Answer
(a) The nucleus recoils at an angle of $31.4^{\circ}$ above the -x-axis.
(b) The momentum of the nucleus is $9.60\times 10^{-19}~kg~m/s$
Work Step by Step
(a) We can assume that the electron moves away in the +x-direction and the neutrino moves away in the -y-direction.
We can assume that the initial momentum is zero. By conservation of momentum, the final momentum of the system is also zero.
We can find the horizontal component $p_x$ of the nucleus' final momentum:
$p_x + 8.20\times 10^{-19}~kg~m/s = 0$
$p_x = -8.20\times 10^{-19}~kg~m/s$
We can find the vertical component $p_y$ of the nucleus' final momentum:
$p_y - 5.00\times 10^{-19}~kg~m/s = 0$
$p_y = 5.00\times 10^{-19}~kg~m/s$
We can find the angle $\theta$ above the -x-axis that the nucleus recoils:
$tan~\theta = \frac{5.00\times 10^{-19}}{8.20\times 10^{-19}}$
$\theta = tan^{-1}(\frac{5.00\times 10^{-19}}{8.20\times 10^{-19}})$
$\theta = 31.4^{\circ}$
The nucleus recoils at an angle of $31.4^{\circ}$ above the -x-axis.

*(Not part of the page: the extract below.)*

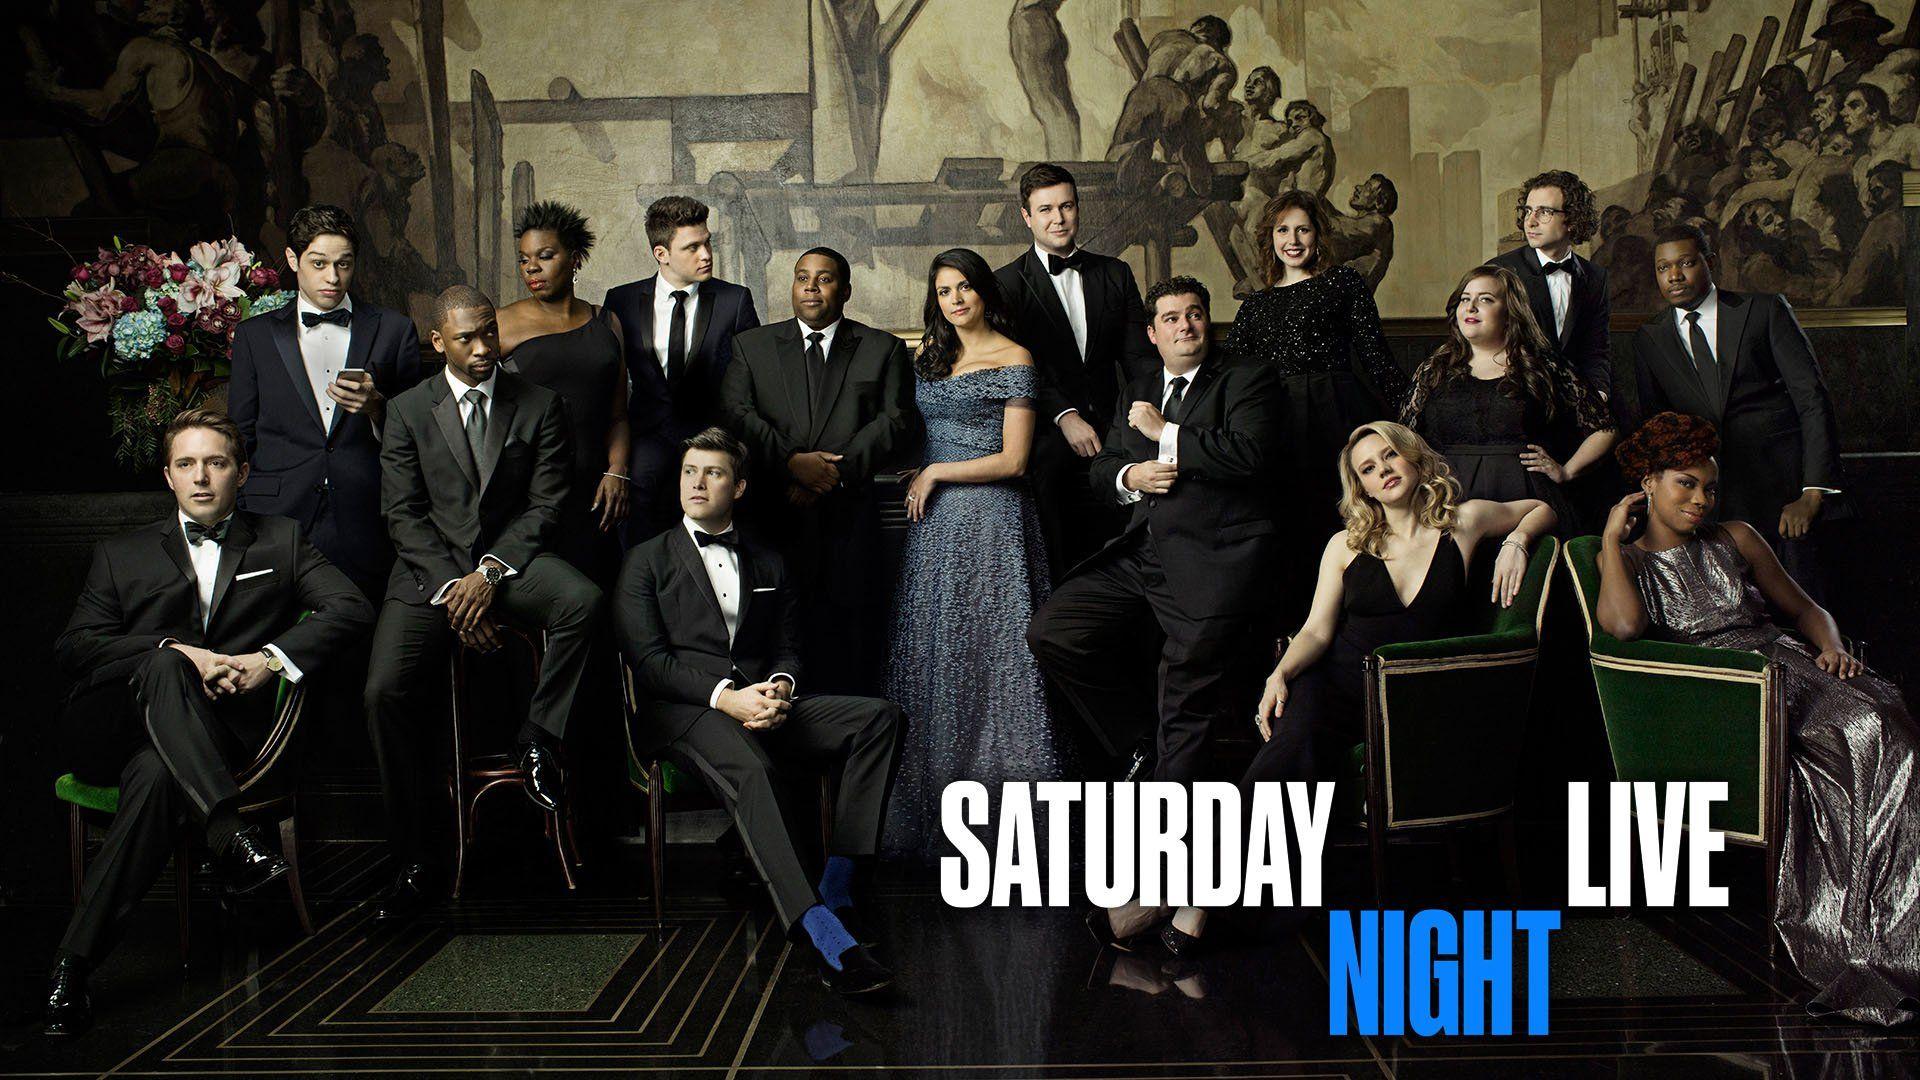 Субботним вечером в прямом. Saturday Night Live заставка. «Субботним вечером в прямом эфире» Saturday Night Live (1975-…), NBC. Live Night.

(b) We can find the magnitude of the momentum of the nucleus:
$p = \sqrt{p_x^2+p_y^2}$
$p = \sqrt{(-8.20\times 10^{-19}~kg~m/s)^2+(5.00\times 10^{-19}~kg~m/s)^2}$
$p = 9.60\times 10^{-19}~kg~m/s$
The momentum of the nucleus is $9.60\times 10^{-19}~kg~m/s$.